Me veo agarrándola por los hombros intentando que deje de golpearse la nuca contra el marco de la puerta hasta que cae.
Intentando ponerme a cuatro patas, pongo la mano sobre el charco de sangre. Resbalo y me golpeo la barbilla contra el suelo. Vuelve la bruma negra y la inconsciencia.
Despierto cuando oigo la puerta de la calle abrirse. Debe ser la nena que vuelve de estudiar con su amiga. Desorientado, me doy cuenta de que Montse y yo estamos acostados en el pasillo. La cabeza me estalla de dolor y las náuseas me impiden concentrarme. Sacudo a mi mujer para que se despierte, pero no se mueve. Entonces, las imágenes vuelven, y soy incapaz de dilucidar qué es real y qué es mi mente intentando confundirme. Cuando Montse aparece por la esquina, suelta un grito y salta hacia mí.
—Pensaba que estabas muerta.
—¿Qué te ha pasado? ¿Qué es toda esta sangre?

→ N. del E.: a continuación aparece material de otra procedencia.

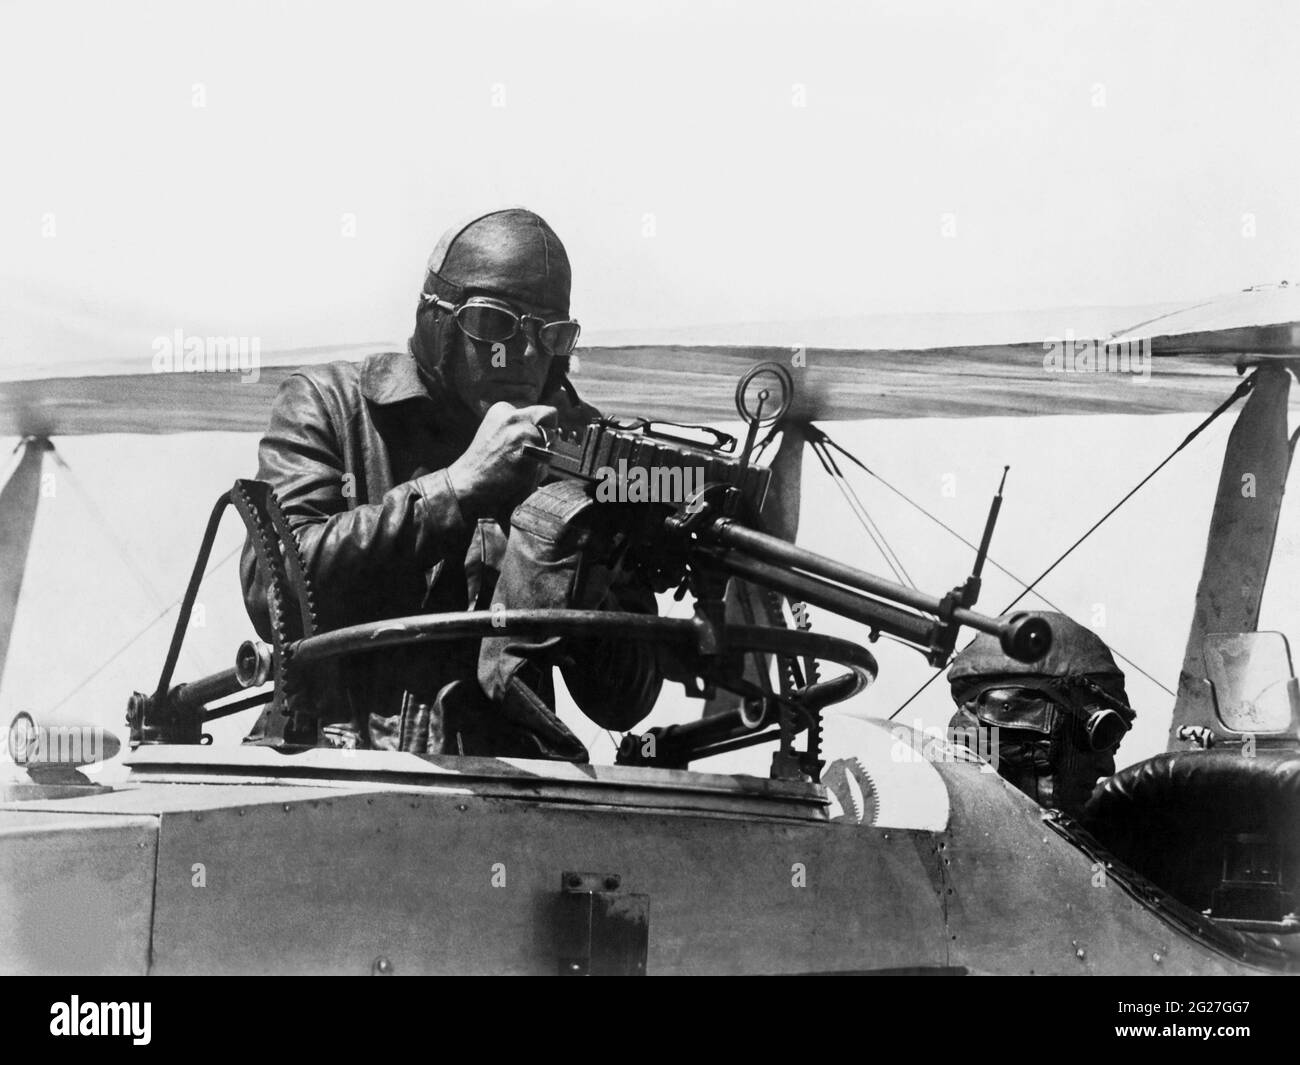 Le chef de la marine américaine Machainist Mates prenant la pratique de la mitrailleuse dans leur avion pendant la première Guerre mondiale. Banque D'Images

—No toda es mía. Una parte es tuya —le digo, mientras señalo hacia donde debería estar su cadáver.
—Voy a llamar a una ambulancia, no te muevas.
Mientras la veo sacar el teléfono del bolso miro el suelo a mi lado. Estoy solo en el pasillo.
¿Estoy solo?
¿Lo estoy?
Entonces… ¿de quién son las carcajadas que se oyen?
Joan López Rovira
Joan López Rovira (1972, Barcelona, Catalunya). Cuando el síndrome del impostor se lo permite, se describe como escritor. Autopublica novelas, juegos de cartas y relatos sin ningún respeto por las etiquetas y los géneros. Ha publicado relatos en un par de publicaciones online, actualmente en «Le Tapiriste». Desde hace unos meses encuaderna él mismo los ejemplares que vende de sus libros y se dedica a mimar mucho a los 51 patrones de su página de mecenazgo. Es miembro del jurado y prologuista desde la primera edición del concurso de relatos eróticos no convencionales «Fuera de Norma» que publica la editorial Raig Verd.